To help give children that chance, Prison Watch established a programme in 2012 that allows Approved School detainees to take their primary and basic education exams, with the possibility of their sentences being shortened if they pass. It has resulted in the early release of roughly two children a year since its inception.

“My parents come from a very poor background so without coming here I never would have gotten an education,” said Bobson Bangura, a former inmate who was released last year after scoring top marks in his exams. He and Joseph Gbla, another former inmate who scored just as high on his test, are now enrolled in secondary school, living together in a one-room apartment paid for by Karim Mansary, the facility’s longest-serving volunteer.

Mansary has been at the Approved School for six years and was eventually given his own room at the facility by Rogers’ predecessor so he wouldn’t have to worry about paying rent elsewhere.
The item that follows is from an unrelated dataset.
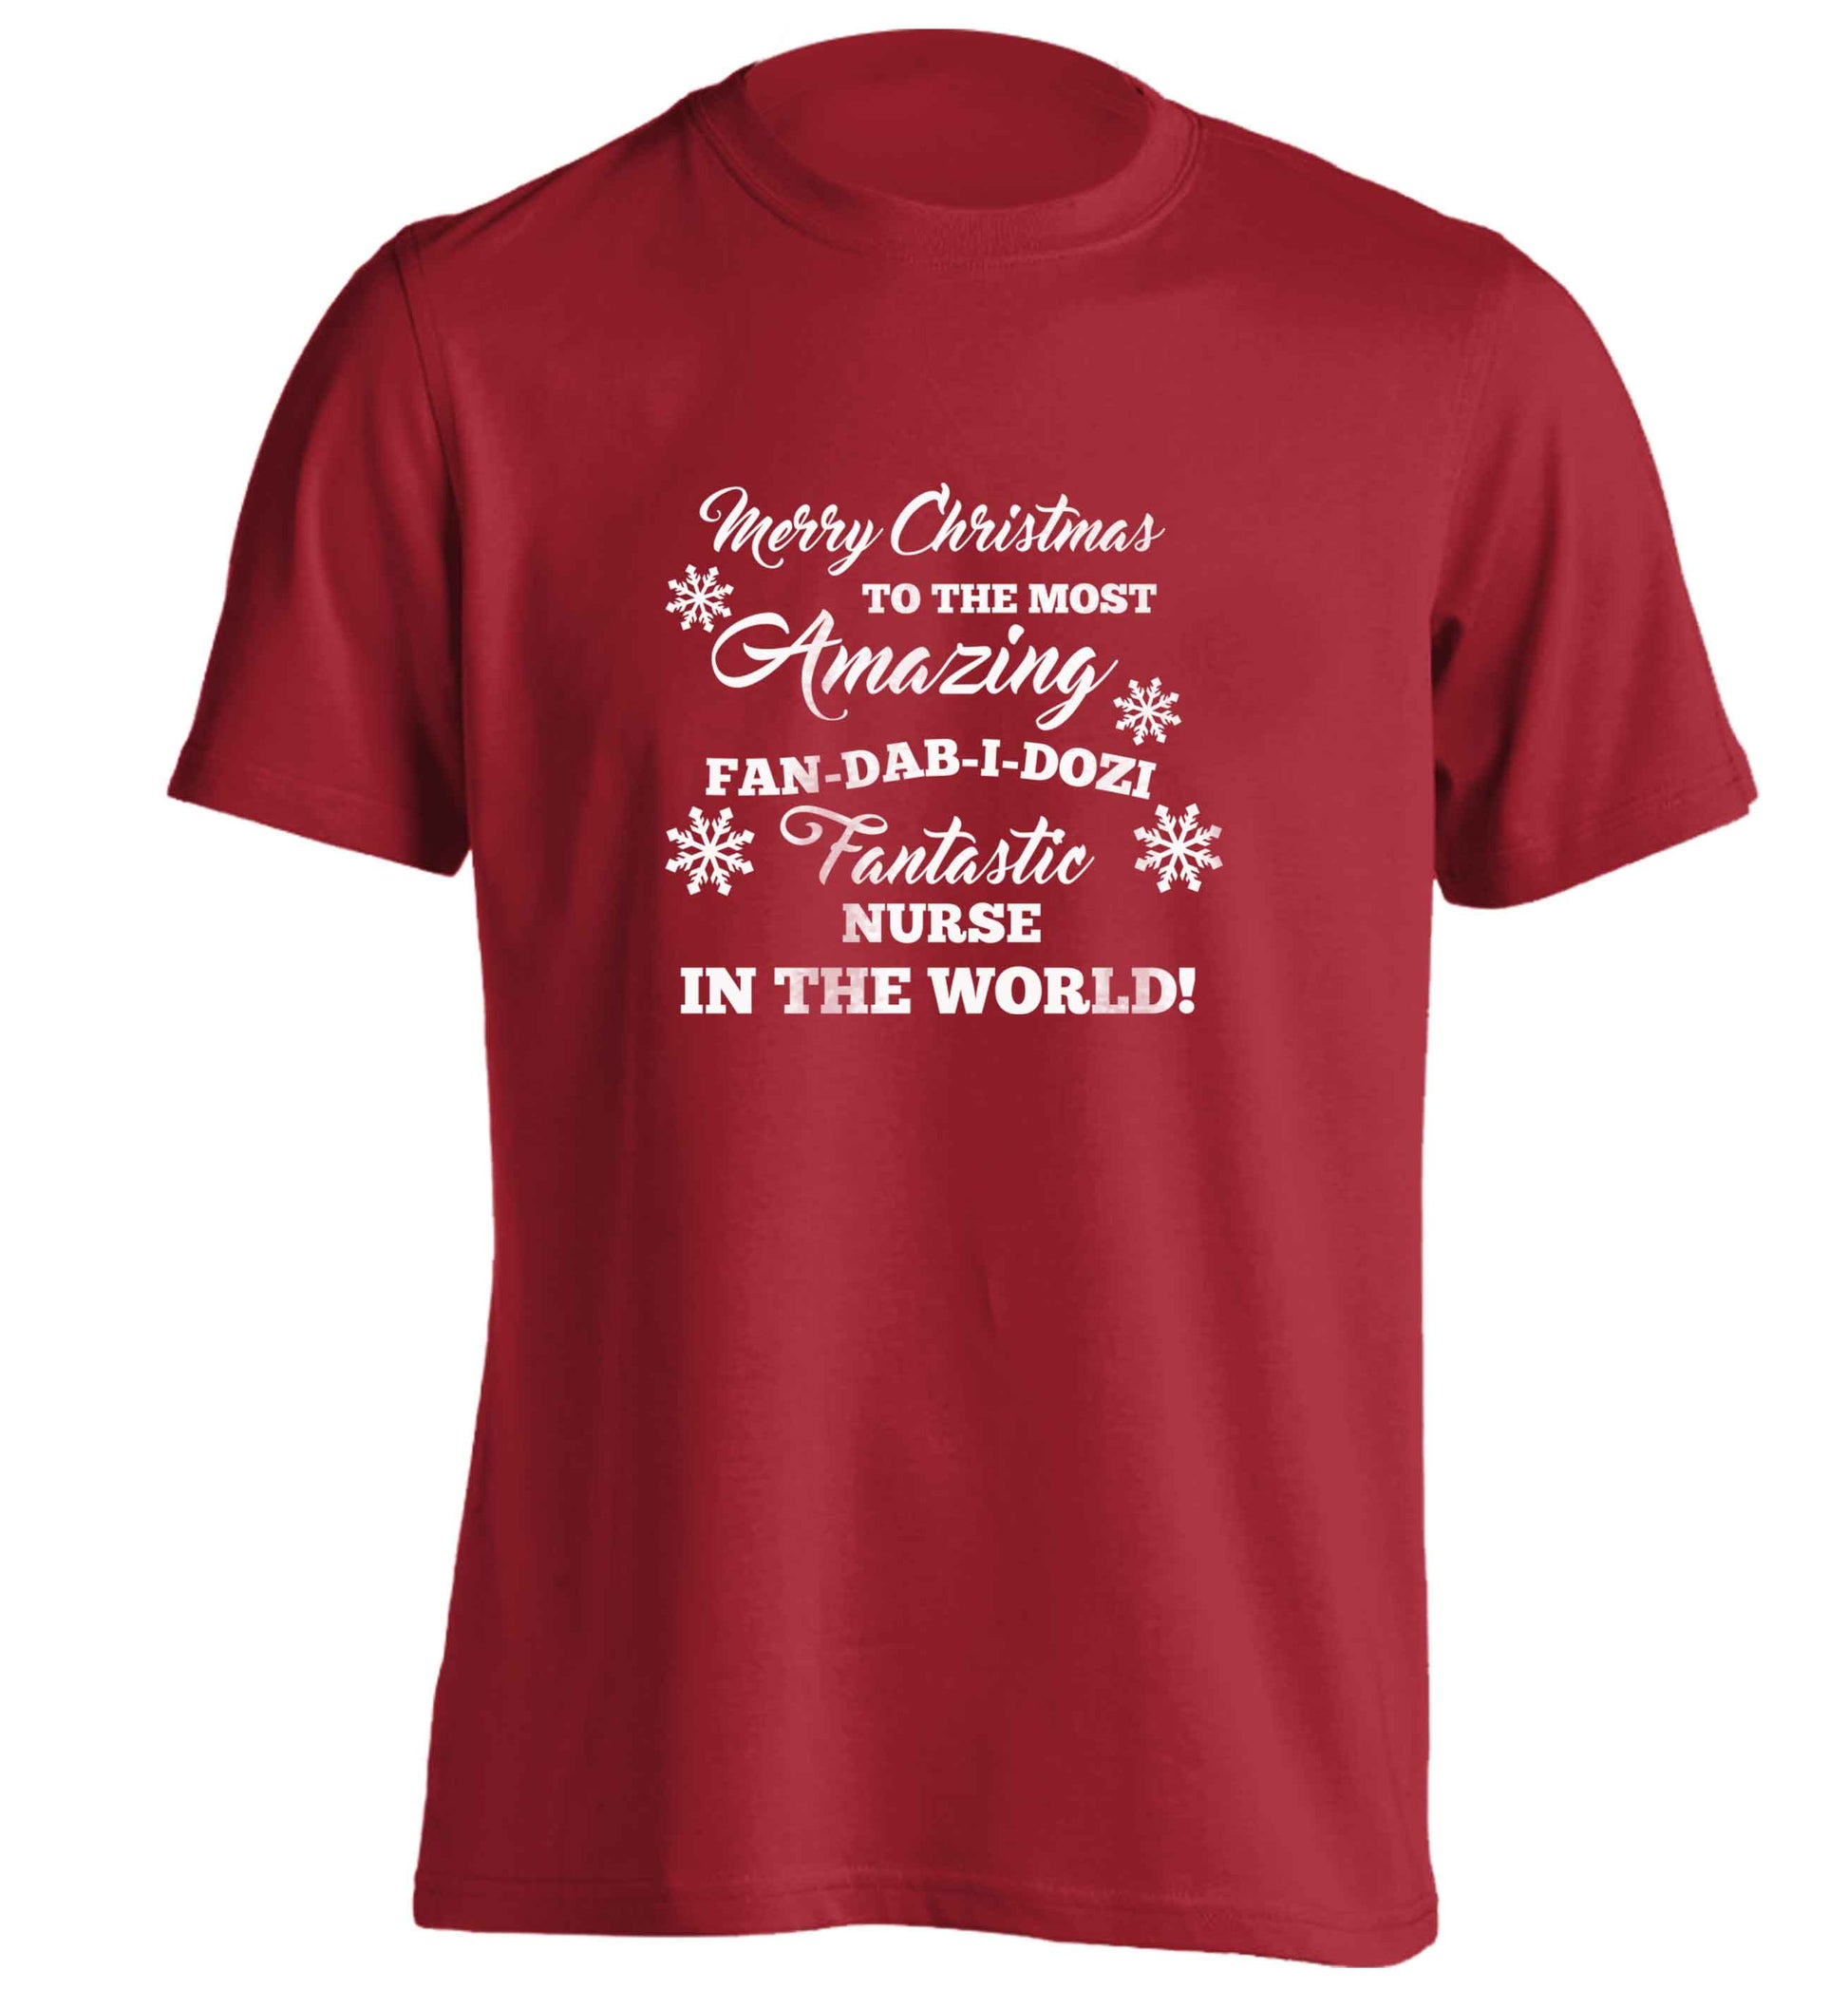 Merry Christmas to the most amazing nurse in the world! adults unisex red Tshirt 2XL

He does contract work for Prison Watch in the afternoons to pay for Joseph and Bobson’s rent and school fees.

“You want to do everything for these kids, because so often they have nobody else, but there is only so much you can do,” Mansary said. “You think of them like your children, which also hurts when you can’t help everybody. I’m happy to help [Bobson and Joseph] but they’ll have to find their own way when they reach university level.”

While some, like Bobson and Joseph, leave juvenile detention with newfound opportunity, they are the exception to the rule. For every child to come out the other side with an education, there are dozens more who are robbed of theirs by years of neglect and isolation, often ending up back in the system after their release. Children such as Sorie have have given up hope and Feika says the country is at risk of raising a “lost generation”.

“If we continue to criminalise our children, making life-long criminals out of the next generation, we will end up with a failed state,” Feika said. “The threat of war or conflict will always loom as long as we are denying children a place in society. Don’t be surprised if they one day want to reject it, given how it has rejected them.”

*The names of current inmates have been changed to protect their identities.